As nature delivered death, destruction and devastation to more than a million living in New Orleans, the media played its role, positive, constructive and reflective. TV images brought into the living rooms of a dazed nation flood waters, dead bodies, wreckage, tops of submerged houses. Different though, the holocaust brought back excruciating memories of 9/11. At the same time a paralysis of resourcefulness hit the administrators. New Orleans mayor C. Ray Nagin said the hurricane might have killed thousands in his city alone, an estimate that, if correct, would make it the nation`s deadliest natural disaster since the 1906 San Francisco earthquake and fire, which killed up to 6,000 people.

There was no bickering of any sort from any quarter, political or otherwise, because, in the words of a New York Times editorial, "This seems like the wrong moment to dwell on fault-finding, or even to point out that it took what may become the worst natural disaster in American history to pry President Bush out of his vacation. All the focus now must be on rescuing the survivors." The Los Angeles Times too stressed the point of rescue and rehabilitation saying, "For now, though, the chief concern is grasping the magnitude of damage to lives and communities, and the perseverance that will be needed to rebuild them."

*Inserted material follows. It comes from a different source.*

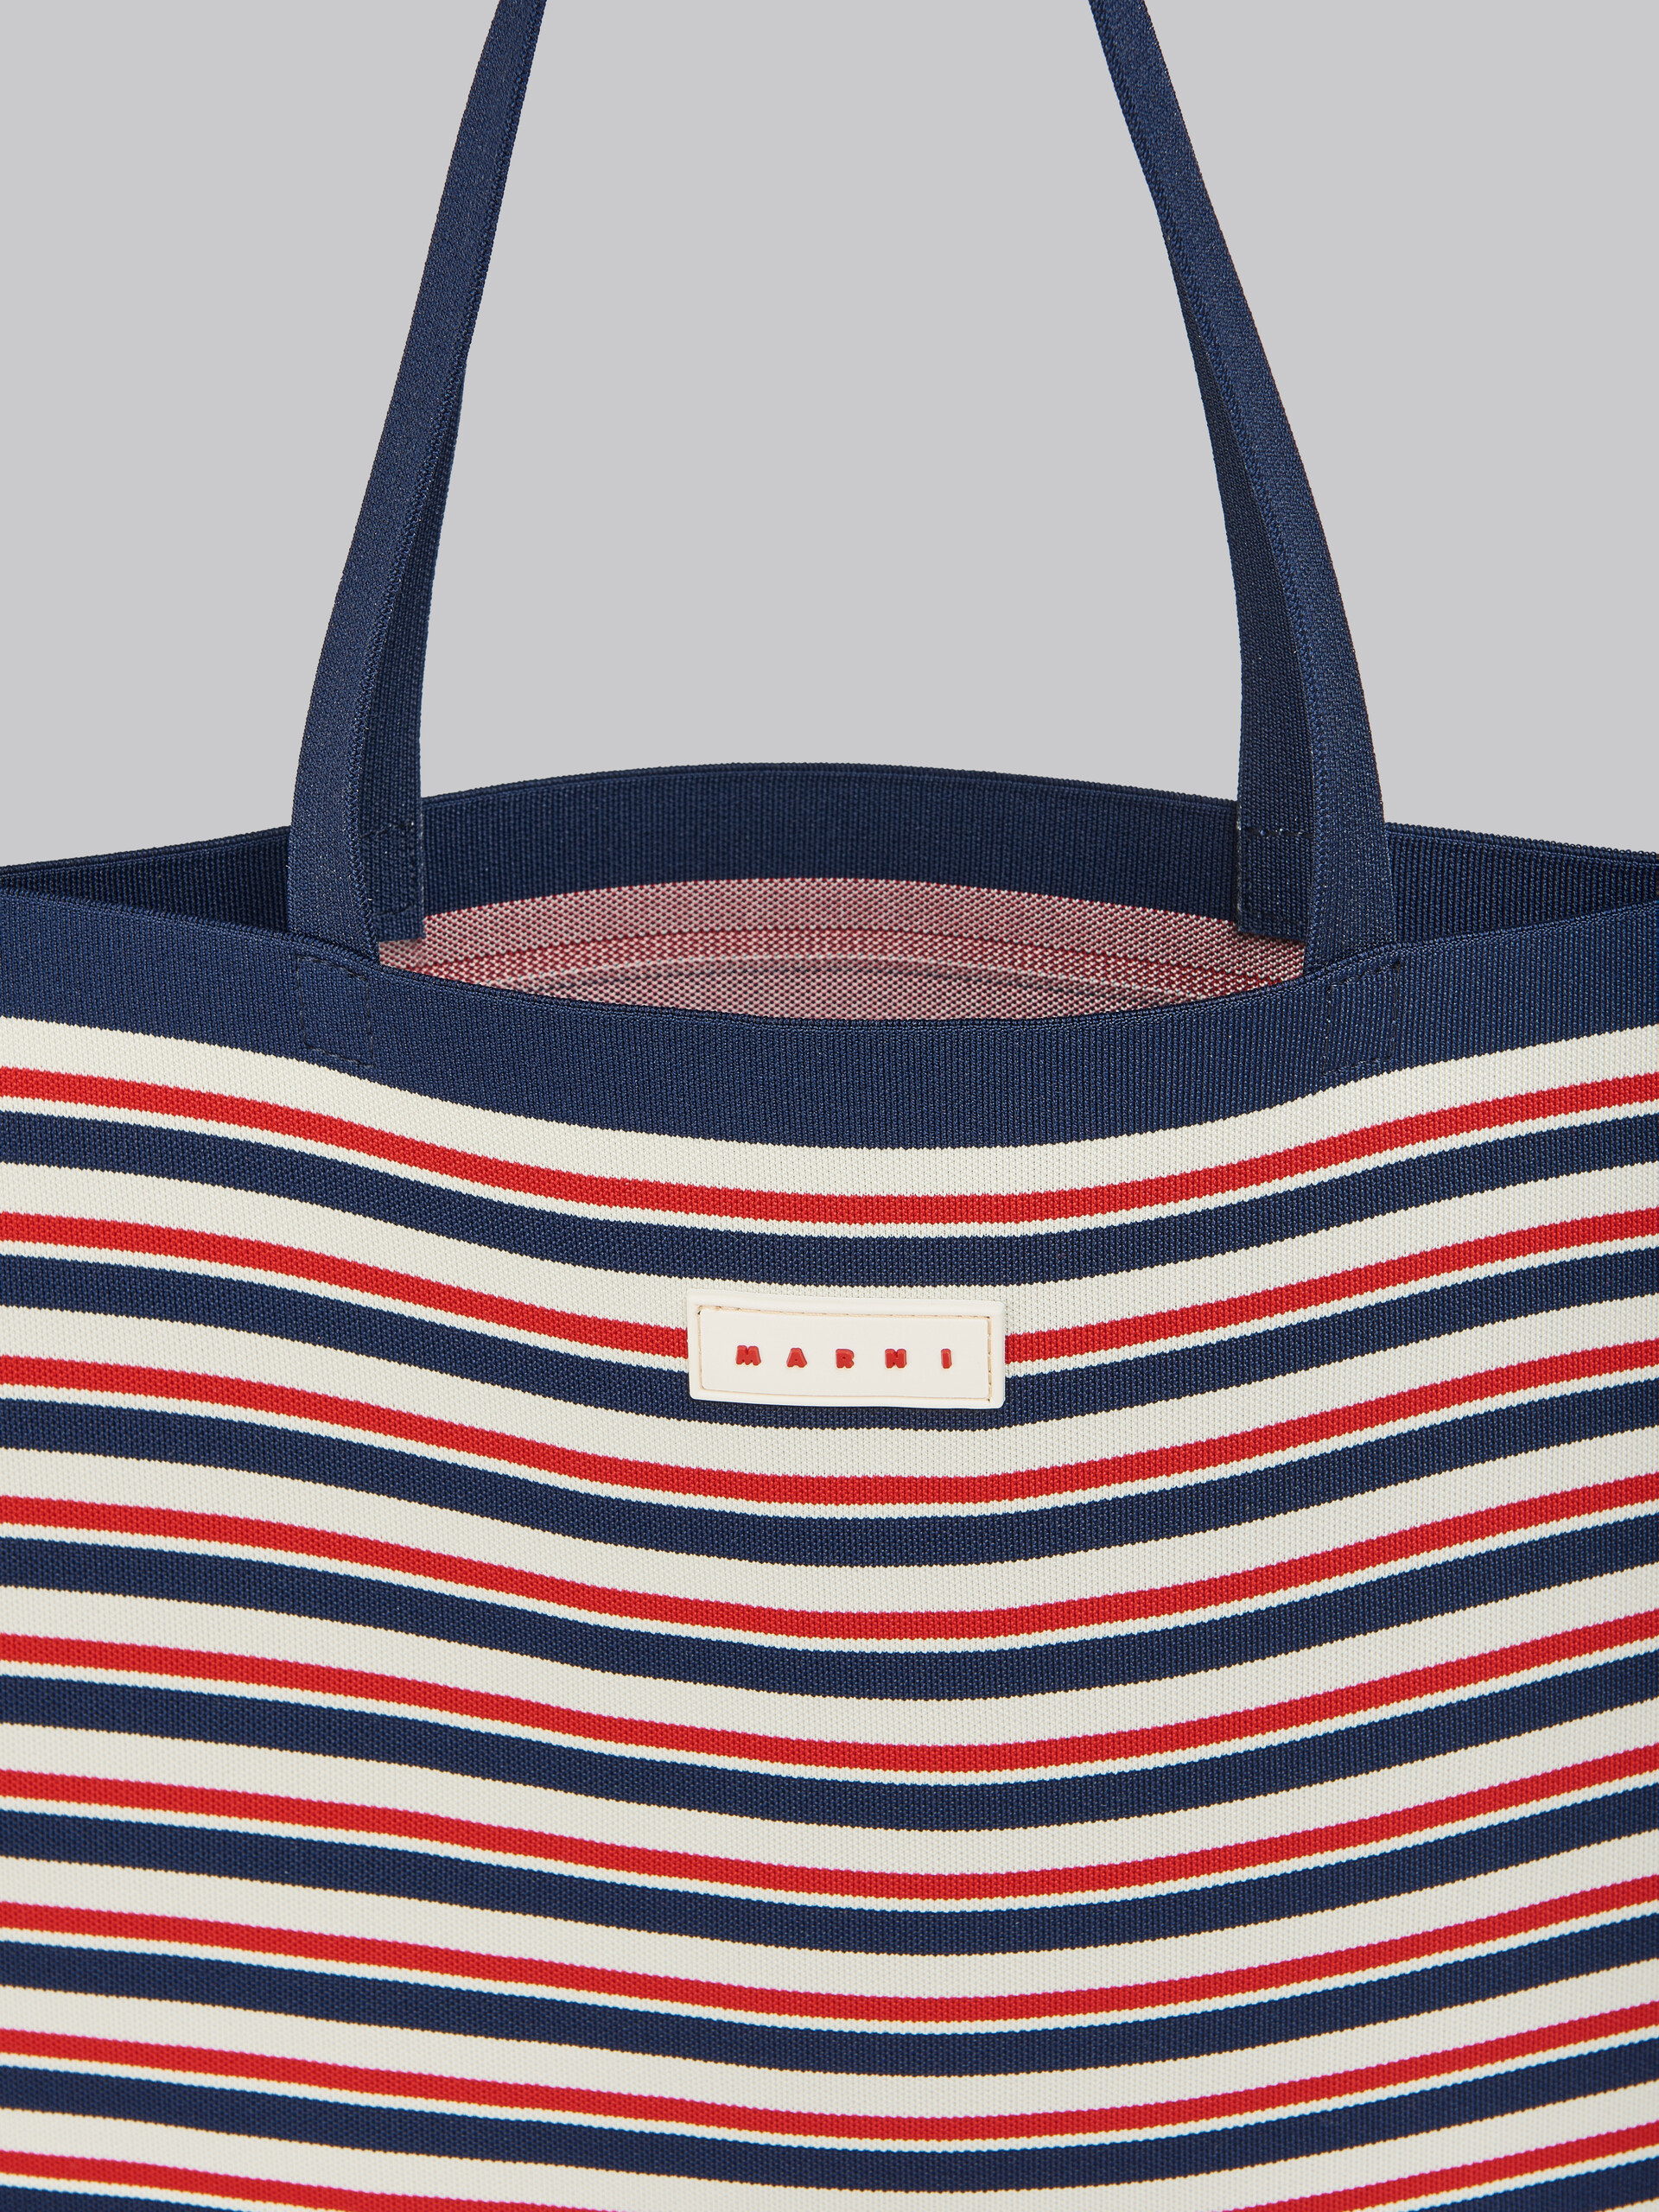 Flache Tote Bag aus Jacquard mit Streifen in Marineblau, Weiß und Rot - Shopper - Image 4

In the opinion of the Washington Post, it was inappropriate to `blame` anyone for a natural disaster. But given how frequently the impact of this one was predicted, and given the scale of the economic and human catastrophe that has resulted, the Post said it was certainly fair to ask questions about disaster preparations. "Congress, when it returns, should rise above the blame game and instead probe the state of the nation`s preparation for handling major natural catastrophes, particularly those that threaten crucial regions of the country," said the Post.

The broadest lesson was the reminder that in the contest of nature vs. man, nature at its most powerful retains the upper hand, wrote the USA Today. "For all the satellites, mass communications and emergency preparedness that seem to convey omniscience and control, our ability to mitigate nature`s fury is marginal." In a detailed editorial analysis, the New York Times traced the roots of the tragedy. "At the same time, there must also be an honest recognition of the fact that no amount of engineering - levees, sea walls, pumping systems, satellite tracking systems - can fully bring nature to heel. Indeed, the evidence is indisputable that systematic levee-building along the Mississippi upstream of New Orleans has blocked much of the natural flow of silt into the delta. That, in turn, has caused the delta to subside and made the city and its environs even more vulnerable to the waters of the Gulf of Mexico, which itself has been rising."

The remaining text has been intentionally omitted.